Pallace disagreed. “It’s possible, not optimal. I’d like to play Emily once or twice, only if you had a UTI or something, but other than that I pray for your health.” She was looking back at the shore. “Do you know who that is?”

Mother Gibbs was gone and in her place a man now stood at the edge of the water, waving his arms over his head. “Peedee,” he called. “Peedee!”

I looked over my shoulder to see who he was looking at—-Duke on the swim platform was wet and shining like a god. There should have been a golden trident in his hand, a crown of seaweed and starfish in his hair. He waved his arms wildly in return then dove into the lake. It was straight out of a movie, the elegance of his dive and then his swimming, clean and fast, none of the splashing around he’d been doing before.

“Must be his dealer,” Pallace said. “We should go in anyway.”

Off she went, but for a moment I stayed behind treading water, watching all the actors and dancers as they swam to shore. Lee folded up his towel and walked away. I wondered if anyone had ever prayed for my health before. My grandmother, probably. She would have done that for me.

“It’s Saint Sebastian, isn’t it?” Emily says. She is Emily again, fully restored, taking cherries down at twice the clip of the rest of us.

I nod. “He used to drive up when he had days off.”

Maisie looks at Emily. “How could you possibly know who it was?”

“I like reading interviews, that’s all. Sebastian was always there. Don’t you remember when Duke won his Oscar?

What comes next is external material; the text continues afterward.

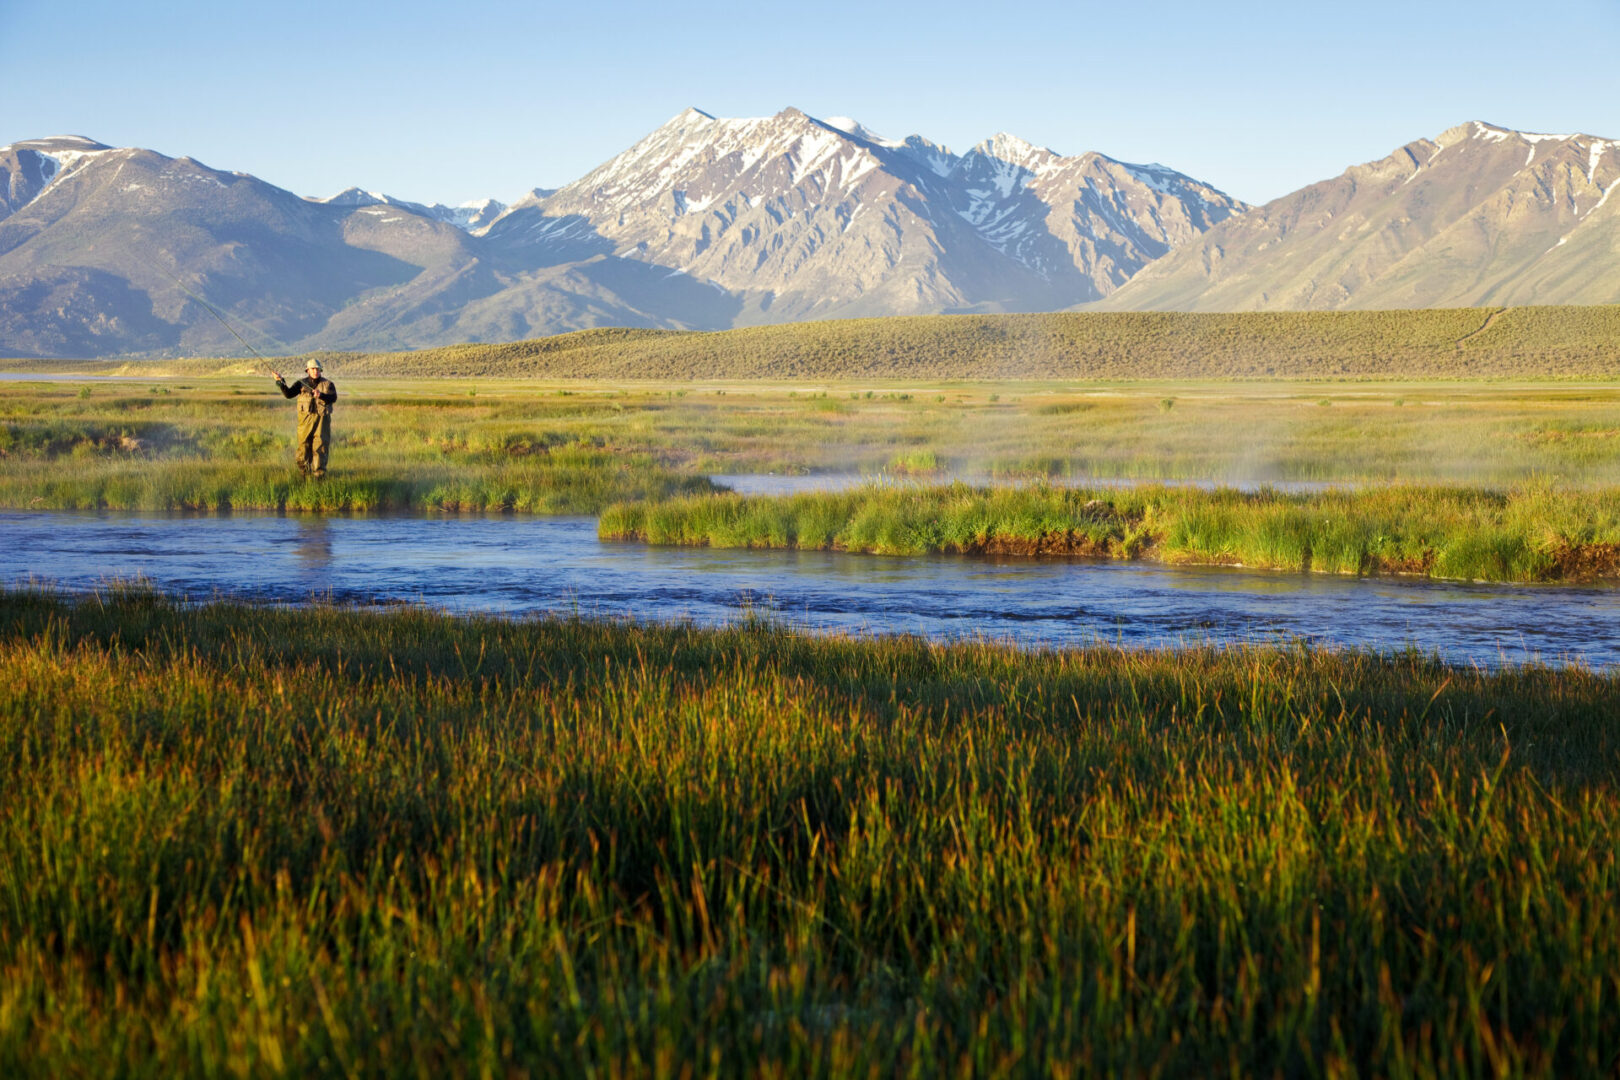 One man fly fishing on the Owens River at sunrise with the Sierra Nevada Mountains in the distance

The first word out of his mouth was Sebastian.”

None of us remember that, but I’m more than a decade into convincing myself that Emily’s attention to the details of Duke’s life isn’t something to be alarmed about.

“So even if you know he was close to his brother, how do you know that his brother’s come to Tom Lake?” Maisie asks, pushing. “Break’s over, time to get back to work. Why don’t you just think it’s Gene the A.D. calling him in?”

Emily sighs and I worry that Maisie’s going to set her off. “Sebastian was the only one who called him Peedee. Peter Duke. And Duke was the only one who called him Saint Sebastian.”

“The first part is right,” I say. “But pretty much everyone who knew Sebastian called him Saint Sebastian.”

“To his face?” Emily asks.

I nod, picturing Sebastian’s face in my mind, as restful as Duke’s was restive.

“I’ve been looking forward to Saint Sebastian ever since Dad told us about him playing tennis,” Nell says, as if Sebastian were a character who had just made his entrance in the play. “Where did he live?” It’s Emily she’s asking, not me.

“In 1988 he would still have been in East Detroit.”

“Wait,” Maisie says. Maisie could not care less about her sister’s mood. “First off, what the hell is East Detroit? And secondly, is there a biography of Sebastian Duke that I failed to get my copy of?”

Maisie wouldn’t have known the details of Sebastian’s life, and she surely wouldn’t have heard of East Detroit, seeing as how it was renamed in 1992, but Emily knows everything, and she lays out the facts like a state historian: East Detroit renamed itself when Detroit proper was circling the drain; the city council of East Detroit tried to bolster eroding property values by changing its name to Eastpointe, that fancy silent “e” at the end an indicator that the white people lived over here and the Black people lived over there, on the other side of Eight Mile. Emily’s obsession with a movie star had given her this particular knowledge. In her role as the living archivist of Duke, she is also the archivist of the vanished East Detroit.

“You’ve just been walking around with this in your head all these years and you never told anybody?” Maisie asks.

“You’ll be surprised to know that this is the first time it’s come up.” Even though Emily’s face is impassive, I think she’s pleased we’ve finally knocked on the door of her vast storehouse of data.

“Was Saint Sebastian still a tennis player then?”

Emily looks at me.

“Go ahead,” I say.

“He was done,” Emily tells her sisters. She never stops picking cherries, her hands on autopilot. “He’d made the National Sixteen and Under in Kalamazoo. He played the Future Challenger circuit, but he didn’t make the pros. Tennis costs a lot of money and their family didn’t have it. But he was still coaching then. Duke used to say Sebastian couldn’t have been much of a coach if he couldn’t even make a decent tennis player out of his own brother, but Duke was pretty good, wasn’t he?”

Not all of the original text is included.